Ive spent way too much time trying to find a good,easy solution, but I havent seemed to find it yet so Id LOVE to hear if anyone has any better solutions. As far as I can tell these are my options:

1. Run a wire from the front fusebox all the way to the back. REALLY dont want to do this, would involve removal of way too many trim peices, seats, broken clips everywhere, ill fitting panels after reinstallation etc etc. This is the problem that Im trying to solve to begin with.

2. Just leave the camera on always. Probably (maybe?) will not drain my battery in 24-48 hours, but if I go on a trip, drive another car for a few days etc, I dont want to come back to a dead battery. And I dont want to remember to unplug or switch anything. Set and forget is the key to dashcams IMO. Can easily cause overheating in the summer and probably not good for the memory card either

3. Use a "power magic" voltage cutoff device. Is built for this purpose. Unfortunately they dont cut power until it hits 11.8v, at which point your battery is well on its way to being dead. What a joke, the company that markets these should be ashamed.

4. Buy a camera with some kind of parking or auto-off feature? Not sure about this one, if its adequate even if it works. No idea if 'parking mode' slows current draw enough to eliminate battery drain concern. An accelerometer based idle solution would be the most elegant, but I have no idea if any cameras have implemented this (and again if it is even enough).
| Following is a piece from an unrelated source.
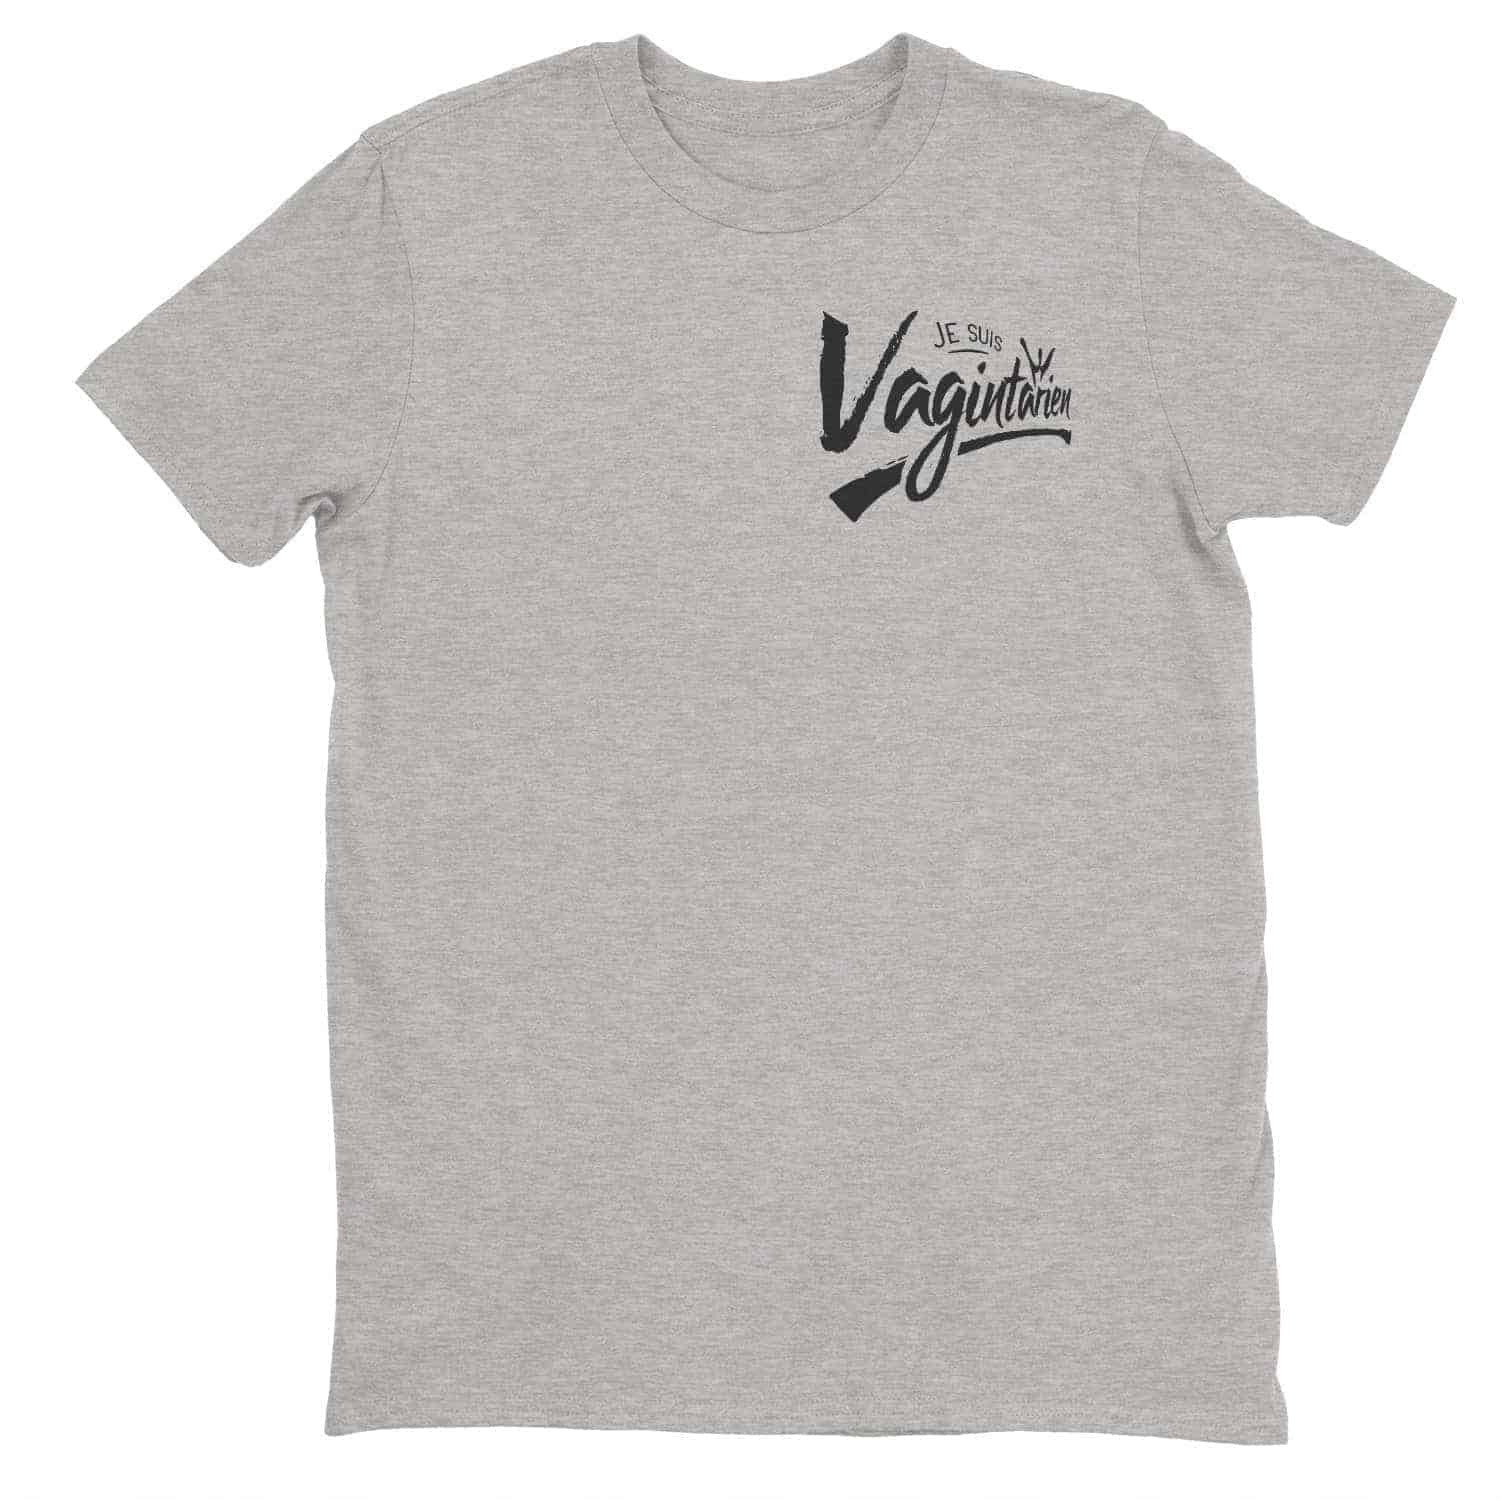 Je suis Vagintarien t-shirt pour homme | t-shirt drôle | t-shirt humoristique 9

5. DIY. Found a writeup for a DIY voltage cutoff switch. Im decent with a soldering iron, but the instructions were sketchy, and Im not sure if I would be able to tweak it well enough to shut off precisely at battery voltage, and turn on at alternator voltage.

6. ?????????????????????


so what do you guys do to solve this problem?
 
Power Magic Pro is not the only one out there. There are many dozens others where you can set voltage cut off much higher / or lower than on PowerMagic. Also you can select a timer cut off function on those devices.
 
get information from/about your car manufacturer... on some cars you can configure through software whether specific functions are enabled or disabled(or maybe through changing something in the cars fuse configuration)...
like coming home lighting default on/off... or power supply behaviour for 12v sockets
maybe youre lucky and can solve it this way
 
Some circuits in the fuse box may power off when the car is turned off. IF you can find the proper fuse circuit, you may be able to tap into that circuit.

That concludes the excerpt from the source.